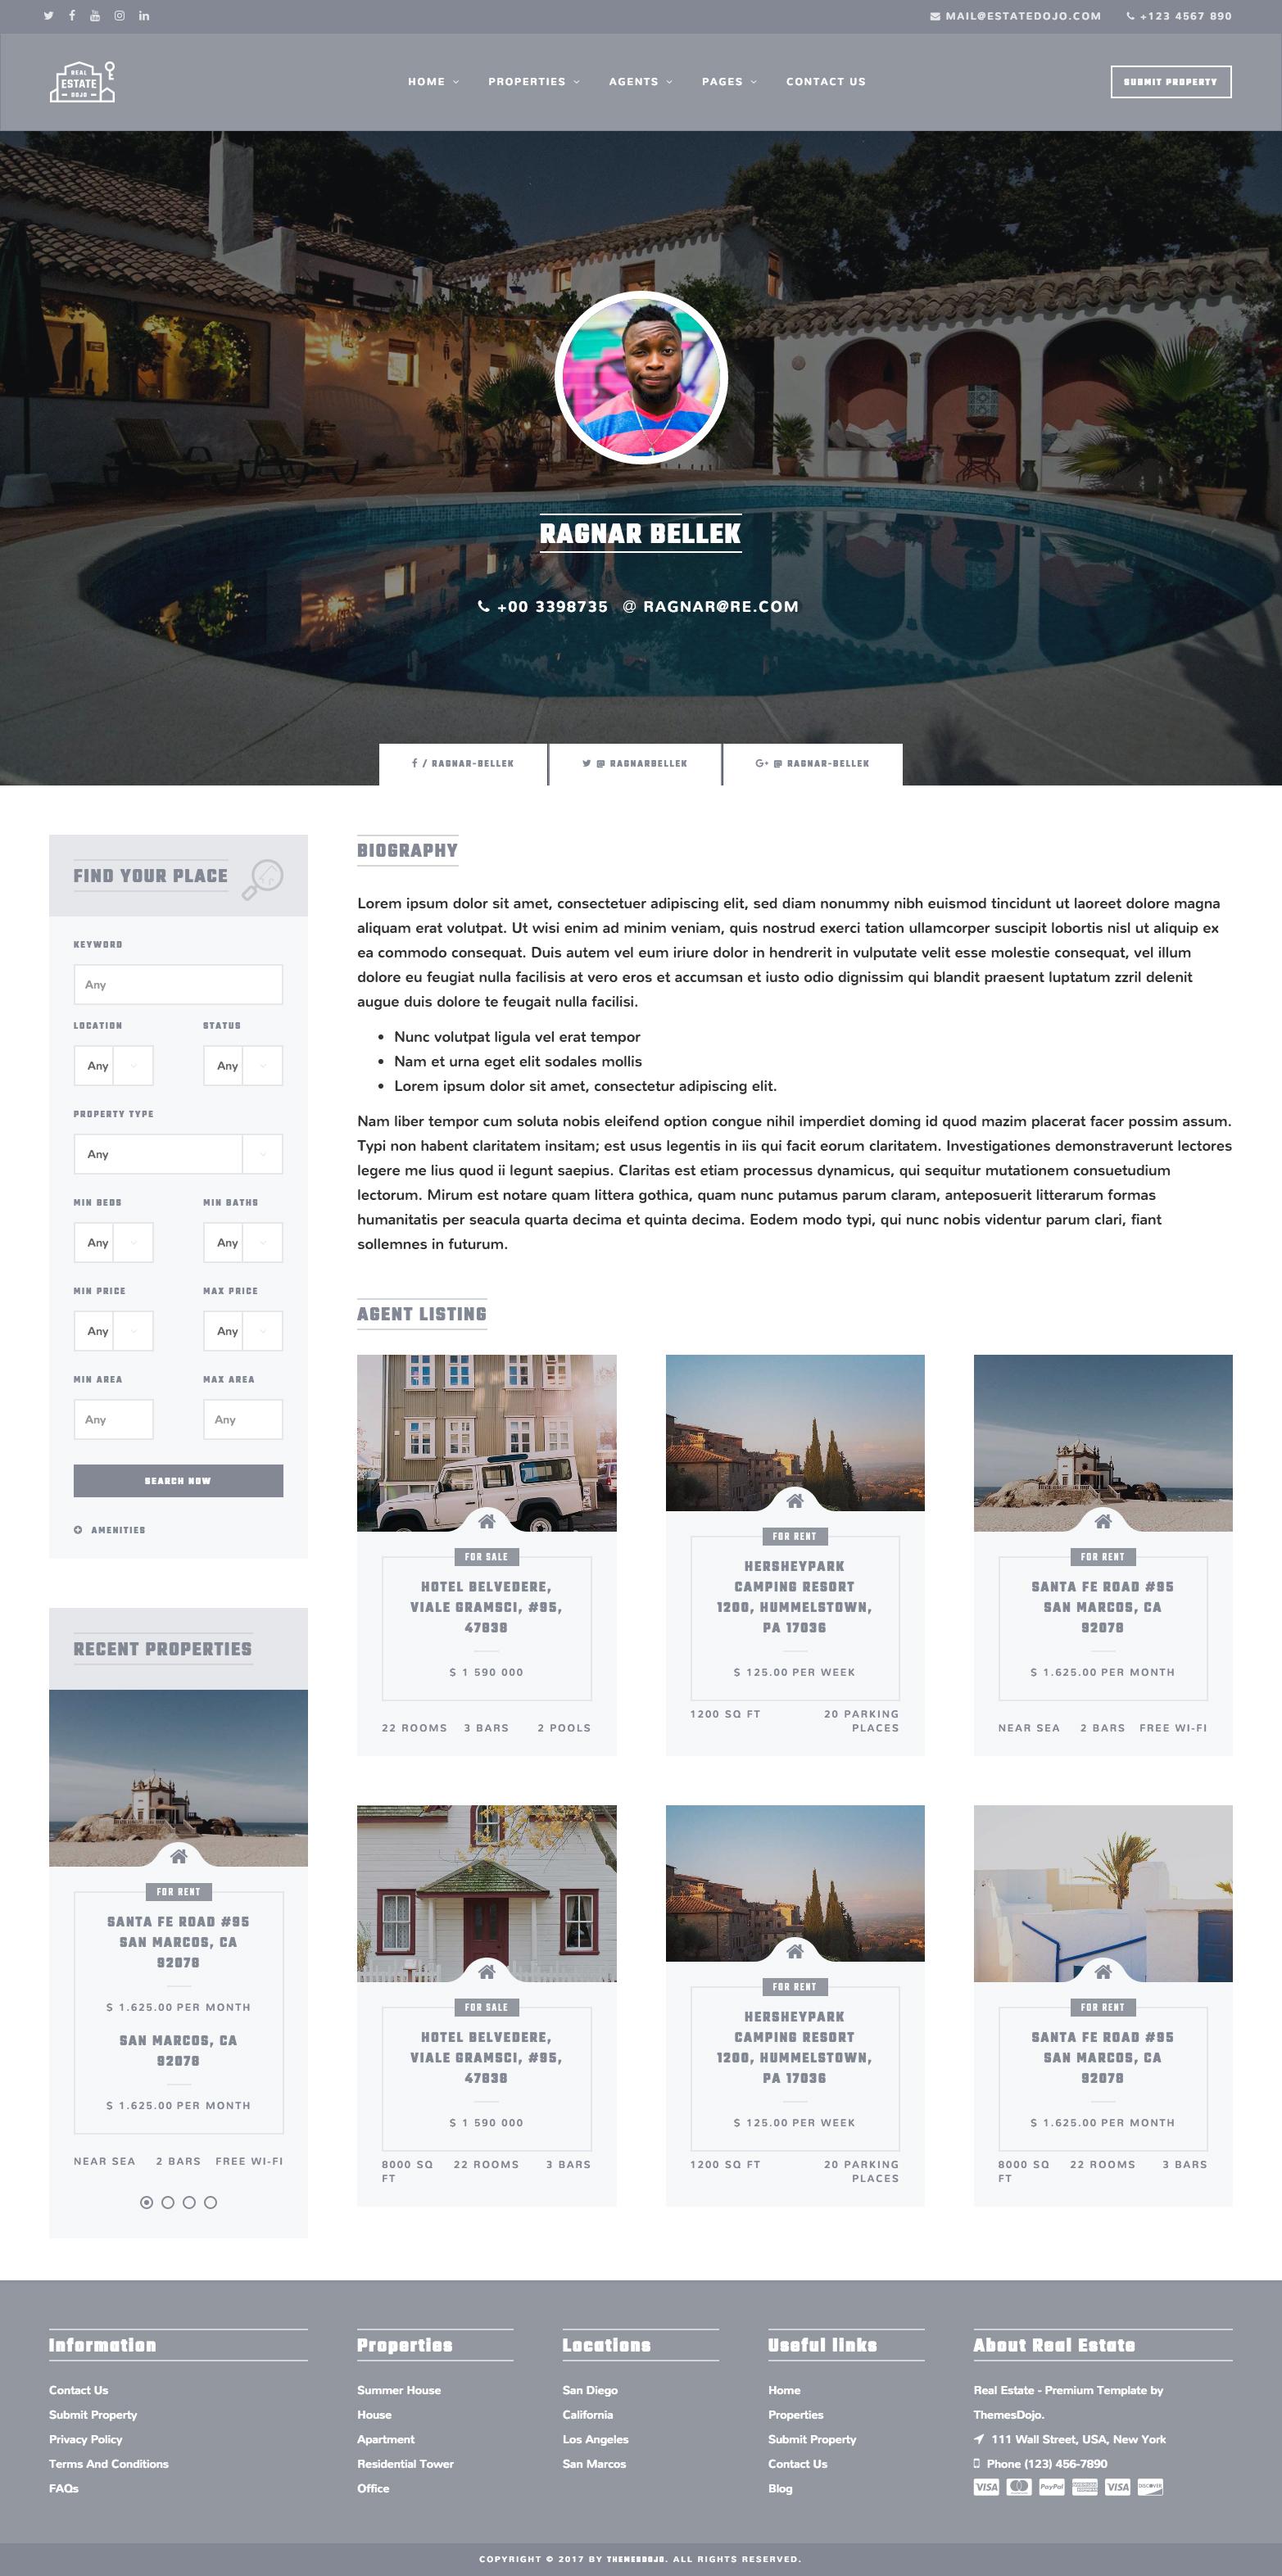 real-estate-dojo-agent-page-list.jpg
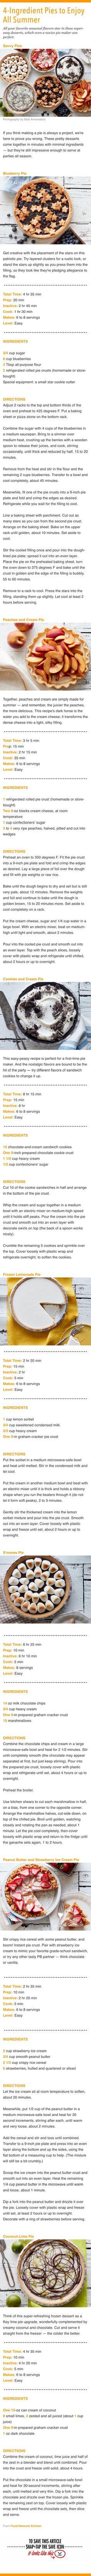 4 ingredient pies
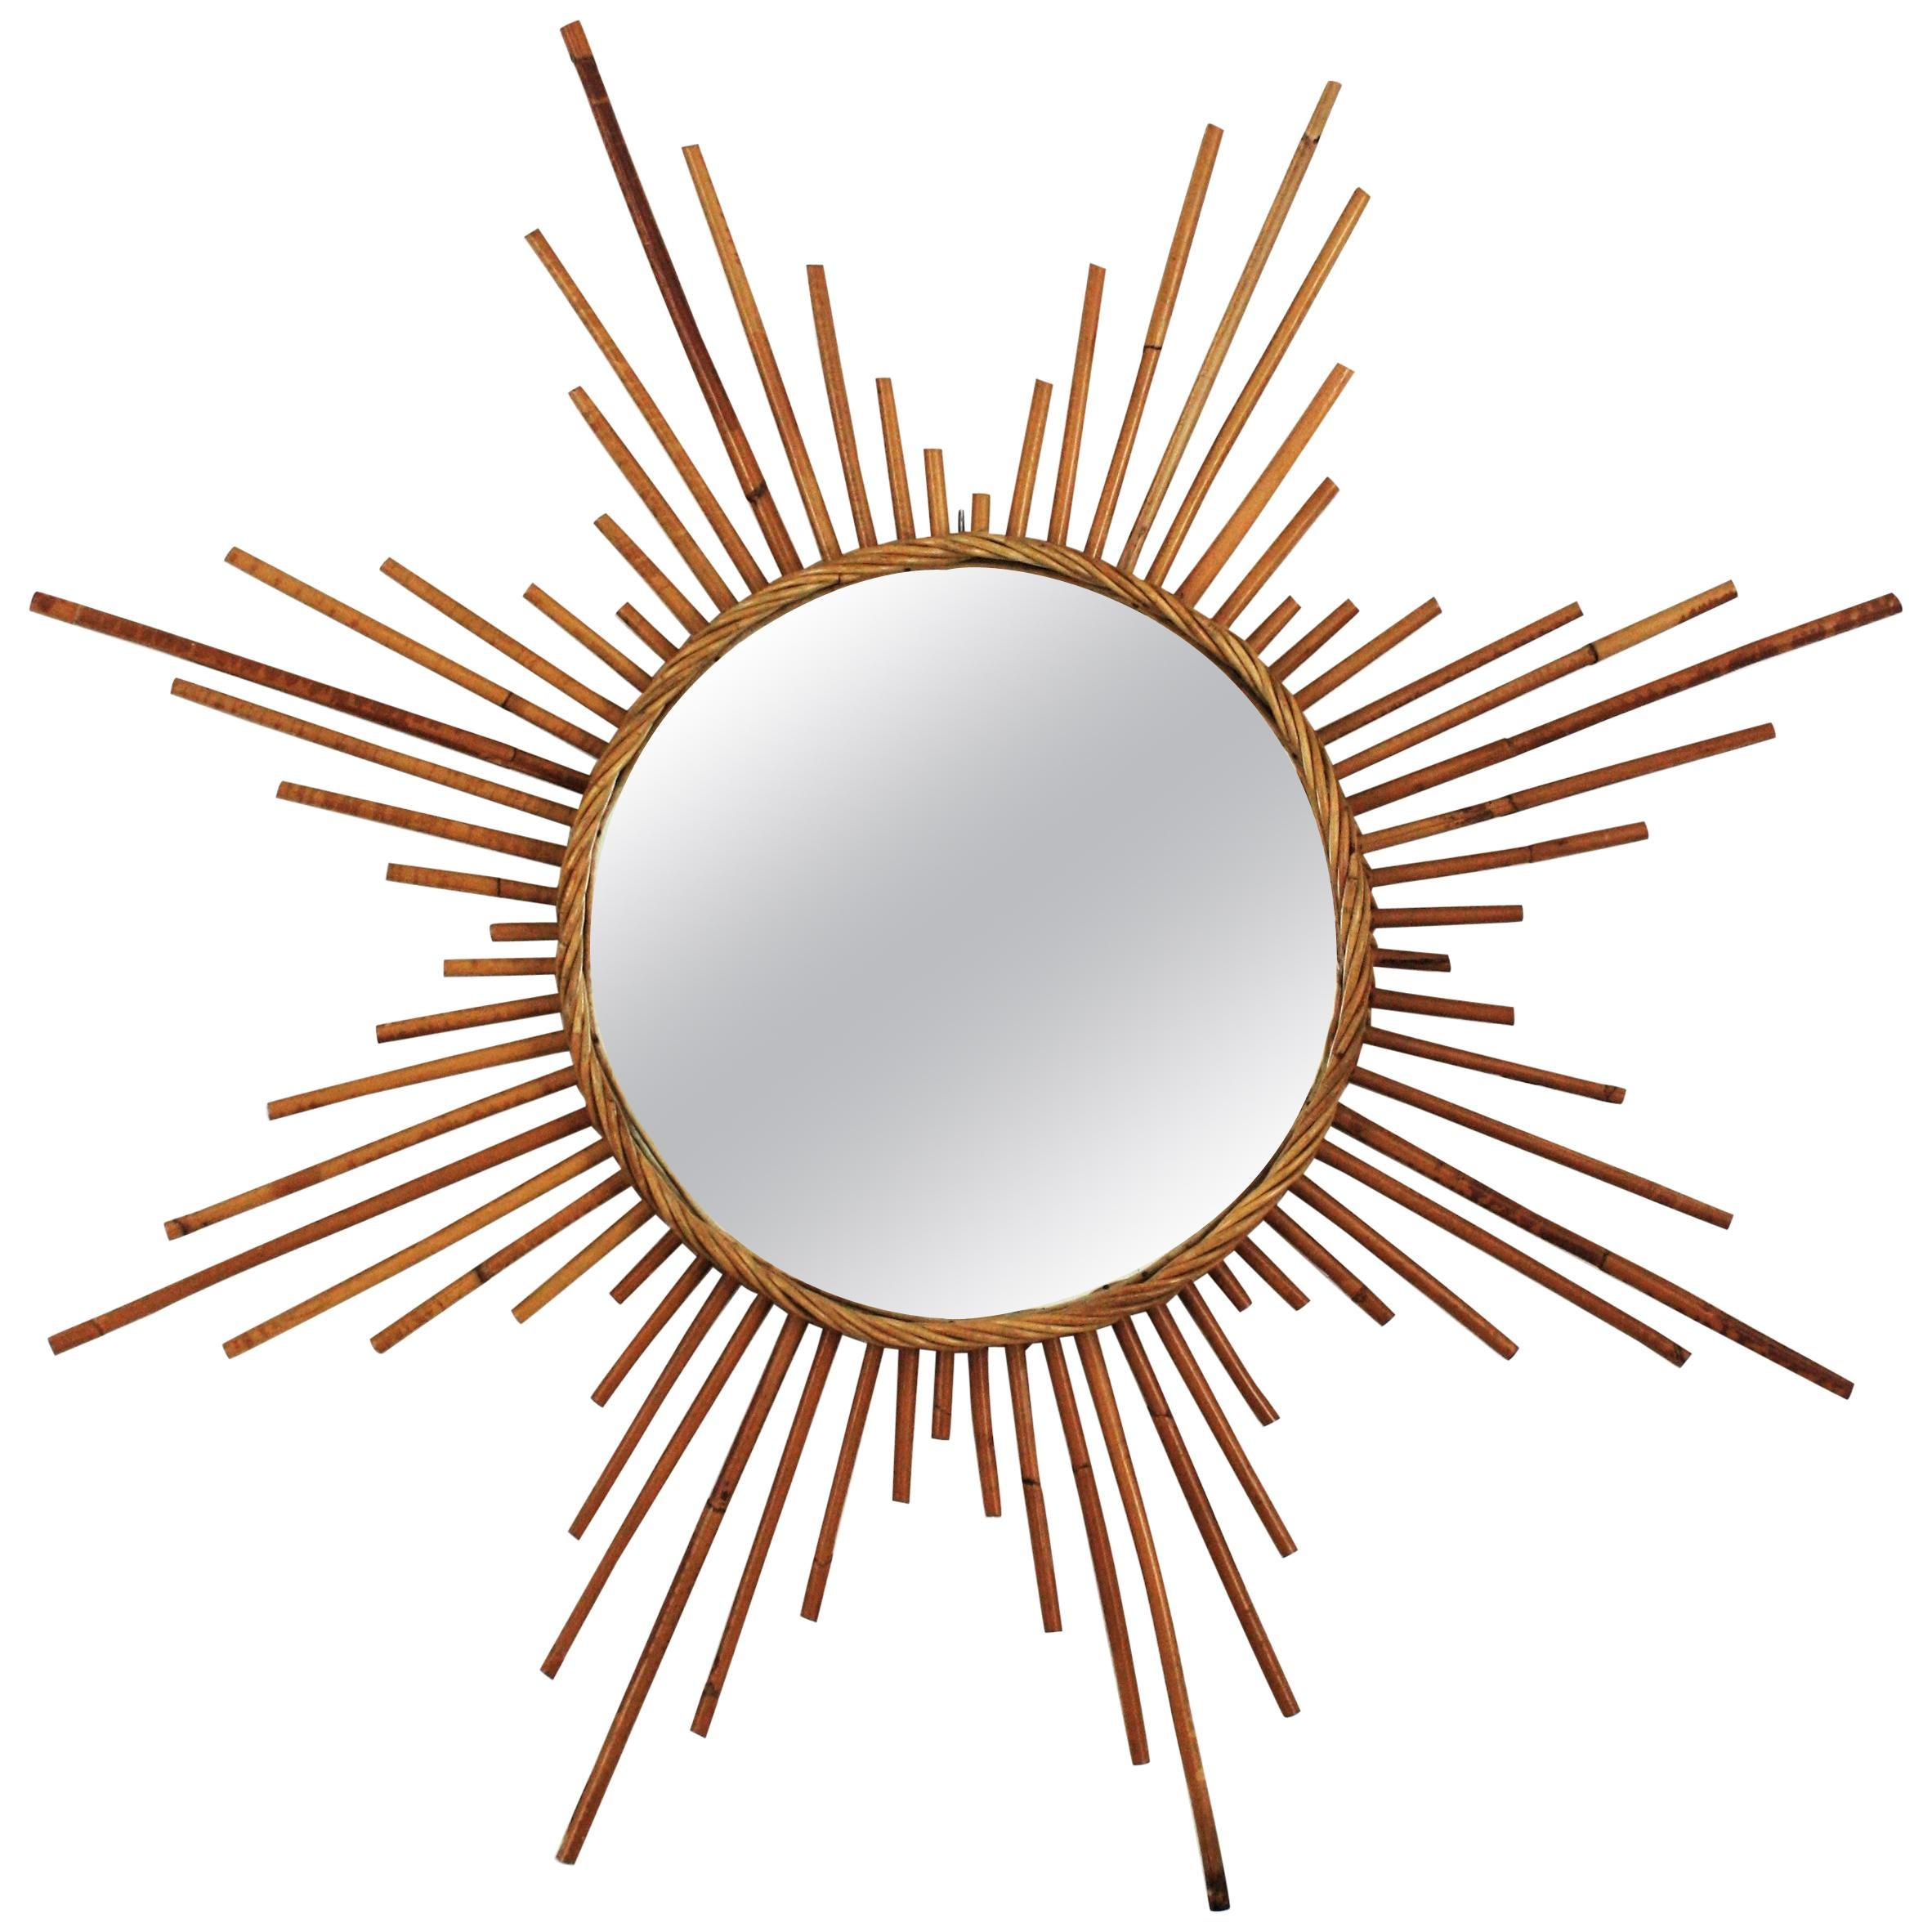 Large Rattan Sunburst Starburst Mirror, 1960s

▶ _Exercise objective_
Every line above should be returned exactly; the pictures stay out.

▶ _Result of this exercise_
 real-estate-dojo-agent-page-list.jpg
 4 ingredient pies
 Large Rattan Sunburst Starburst Mirror, 1960s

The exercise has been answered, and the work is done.